Хотя принц датский не считал себя созданным для войны и убийств, «деяния» были ему вполне по плечу. Только он убивал (пользуясь рапирой или пером и печатью), лишь дойдя до неистовства. В этом можно усмотреть намёки и на древние скандинавские практики, и на древнегреческую теорию, а можно — только на бруновские диалоги, в которых неистовство именуется героическим. Именно к нему призывает себя Гамлет в речах, со временем превратившихся в повод для недоумения: почему же он не прикончил преступного короля сразу, как только услыхал от Призрака, что дядя Клавдий — убийца? Удовлетворительным ответом считалось; тогда не удалось бы растянуть трагедию на пять актов. Я прихожу в недоумение как раз от рассуждений о вялости Гамлетовой мести, об оттягивании её с помощью собственного лицедейства и лицедейства профессионалов. Как мог естествоиспытатель Гёте, увлечённо экспериментировавший с растениями и насекомыми, не оценить психологического опыта, поставленного виттенбергским студентом? В сущности, «Мышеловка» — это ход учёного новой формации, такого, как Галилей или, на худой конец, Бэкон, — не книжника-схоласта, но испытателя природы, в данном случае — человеческой. Хотел ли Шекспир показать, что его Главный герой подобен Ноланцу, призывавшему задвинуть авторитеты и думать своей головой, делать собственные выводы, предпринимать самостоятельные действия? Гамлет прошёл дальше, чем его прообраз. Согласно 86 сонету, поэт-философ позволял духу морочить и пичкать, доверял ему. Принц не хотел бездумно откликаться на призывы Духа, несмотря на всю эффектность его появления, поведения и повествования. А может быть, как раз эффекты и насторожили Главного героя, который, так же как его творец, не выносил показухи и трезво относился к концептам. Гамлет, хоть и сказал, что этот Призрак достоин веры, одною верой не ограничился и добыл при содействии актёров ещё и знание. Да, он может считаться учёным-экспериментатором. Но это — когда он спокоен. Когда же обстоятельства толкают принца датского к неистовству, он делается довольно успешным героем-воином. Именно обстоятельства, а не задачу, возложенную на душу Главного героя, я склонна считать могучим дубом, корни которого разбивают сосуд. Не об этом ли — стихи 23 сонета? Некто неистовый (fierce) преисполняется страстью (rage) так, что избыток силы сокрушает его собственное сердце.

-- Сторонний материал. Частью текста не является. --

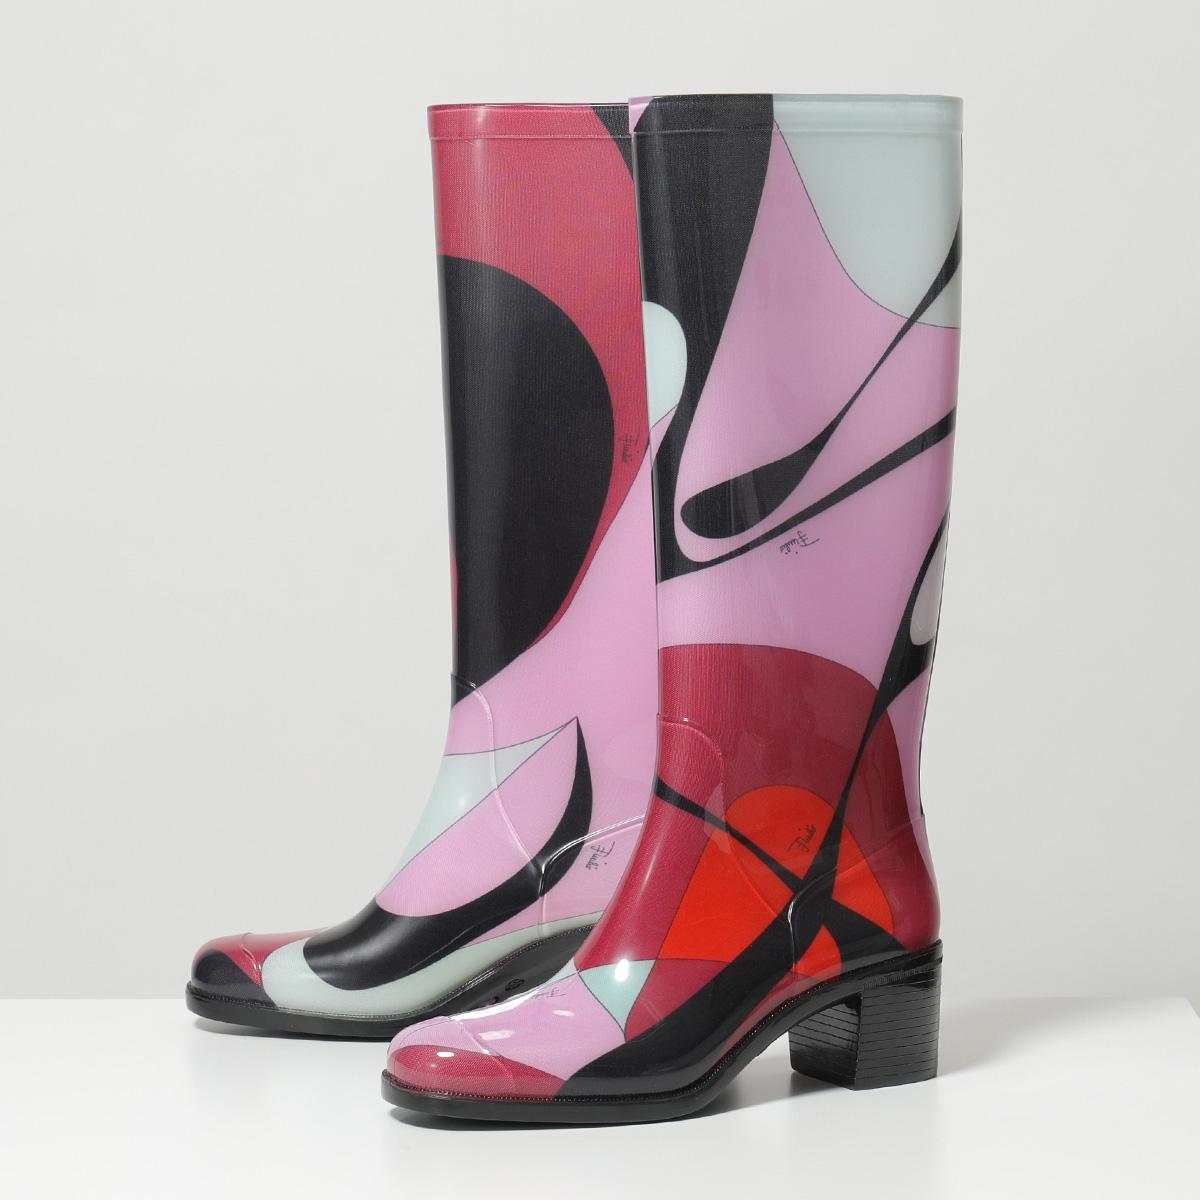 【有名人芸能人】 【訳有】EMILIO PUCCI エミリオプッチ 9UCE45 9UX18 Alex Print Rubber Boots ラバー レインブーツ ロングブーツ A99 靴 レディース, 大畠町 3429c9d1
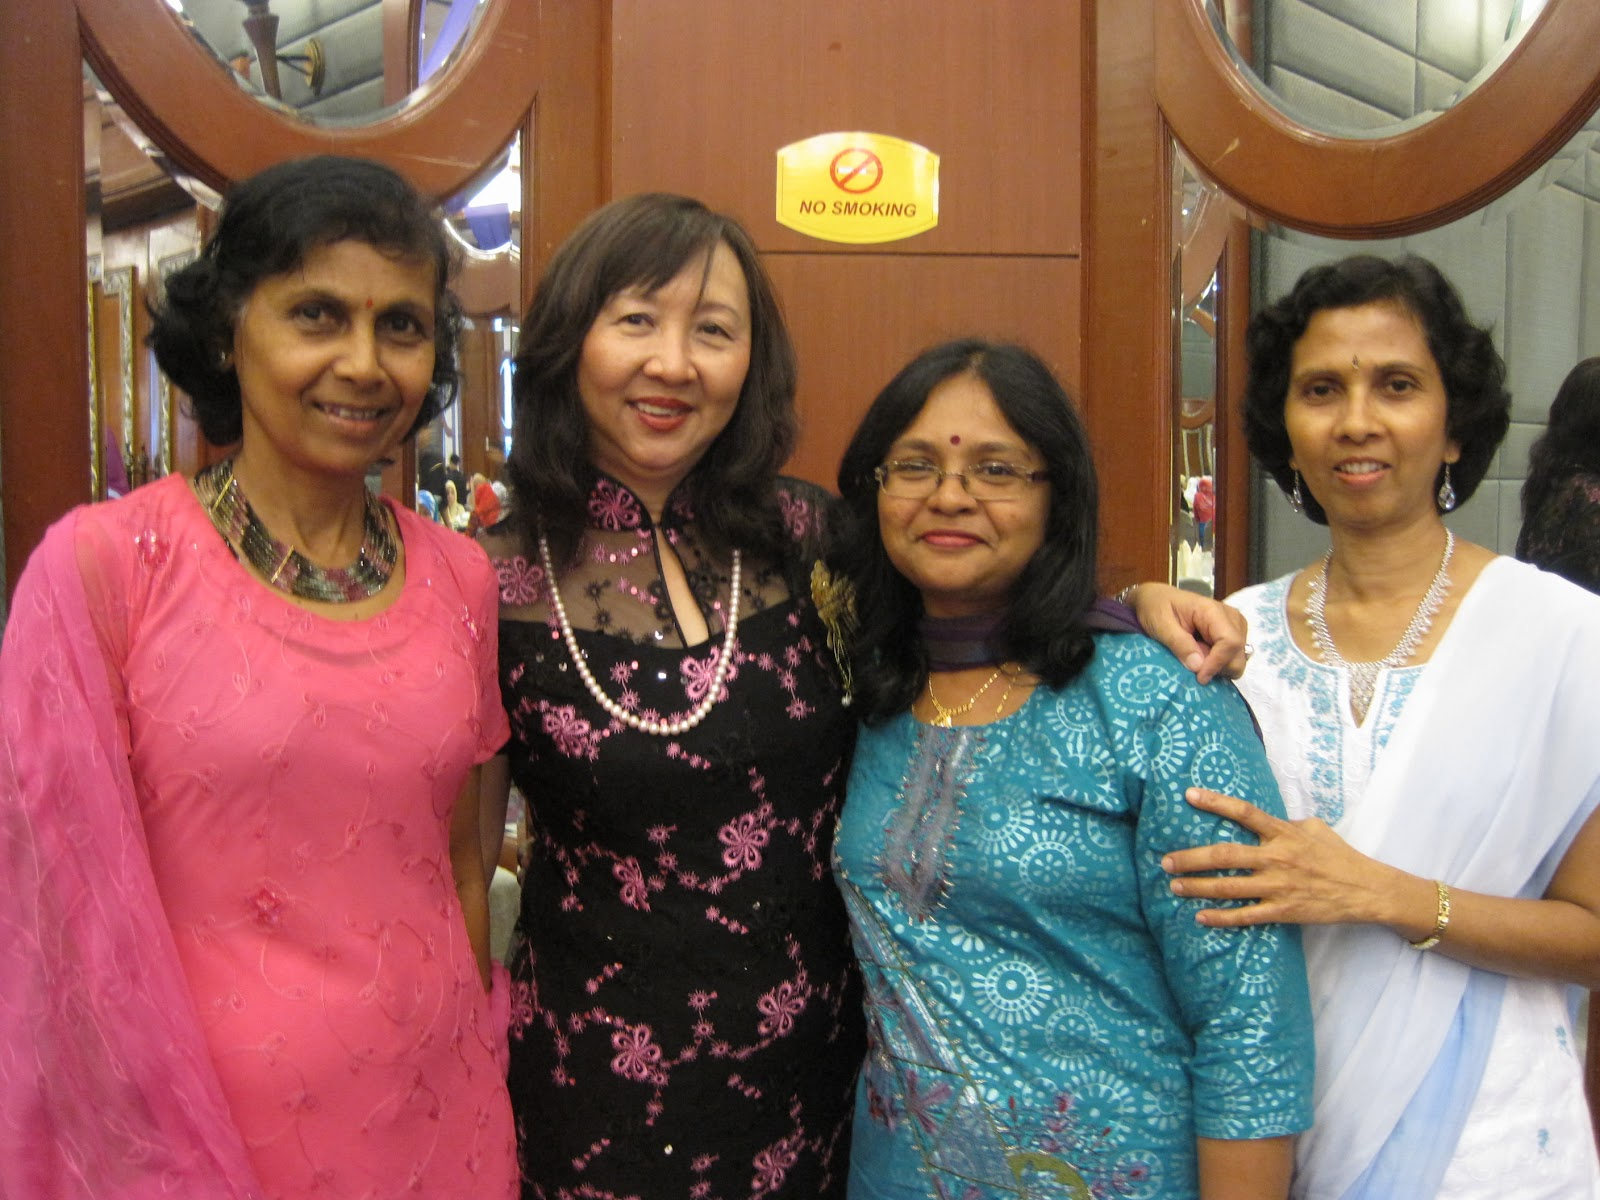 Gambar kenangan Pn Pengetua bersama dengan cikgu-cikgu yang cantik dan

Думаю, Шекспир вполне сознательно сделал героем в гётевском понимании не датского принца, а норвежского. Тот прямо жить не может без войны и, после того как Клавдий с помощью дипломатии обезопасил Данию, ведёт людей в Польшу — отвоёвывать никчёмную территорию ничтожных размеров. Не знаю, как Гамлет, а его создатель прекрасно понимал, что у такого геройства мало общего с героизмом. Воображение — вот то, чего лишён Фортинбрас. Не имея внутренней жизни, он вынужден развлекать себя внешними событиями. Если Гамлет — сосуд, в который посадили дуб, тогда племянник норвежского короля — дуб, посаженный в тесный сосуд. Норвежец увлечён завоеванием окрестного пространства. Датчанин обременён вправлением суставов мирового (а не только Эльсинорского) времени. При этом он философически объявляет, что будет чувствовать себя повелителем бесконечности, даже если его заключат в ореховую скорлупу... Если и есть в трагедии персонаж, похожий на Эссекса, так это Фортинбрас, а не Гамлет. В «Игре» цитируются слова Уилсона: «Тайна Гамлета — это тайна Эссекса, тайна его сердца». Красивая фраза. Ну, может, ещё загадочная. Шекспировский принц — это ум и воля, интеллект и дух. А что до сердца... Главный герой поставлен в такие условия, при которых сердце просто разбивается, безо всяких разрастающихся корней. Мать — игрушка похоти, дядя поступил как Каин, друзья и любимая девушка предали. Останется ли в сердце, наполненном такими открытиями, место ещё для тайны? Или я запуталась? Ведь фраза Уилсона касалась только эссексовского сердца. Всё равно: она чересчур поэтическая, её смысла мне не постичь.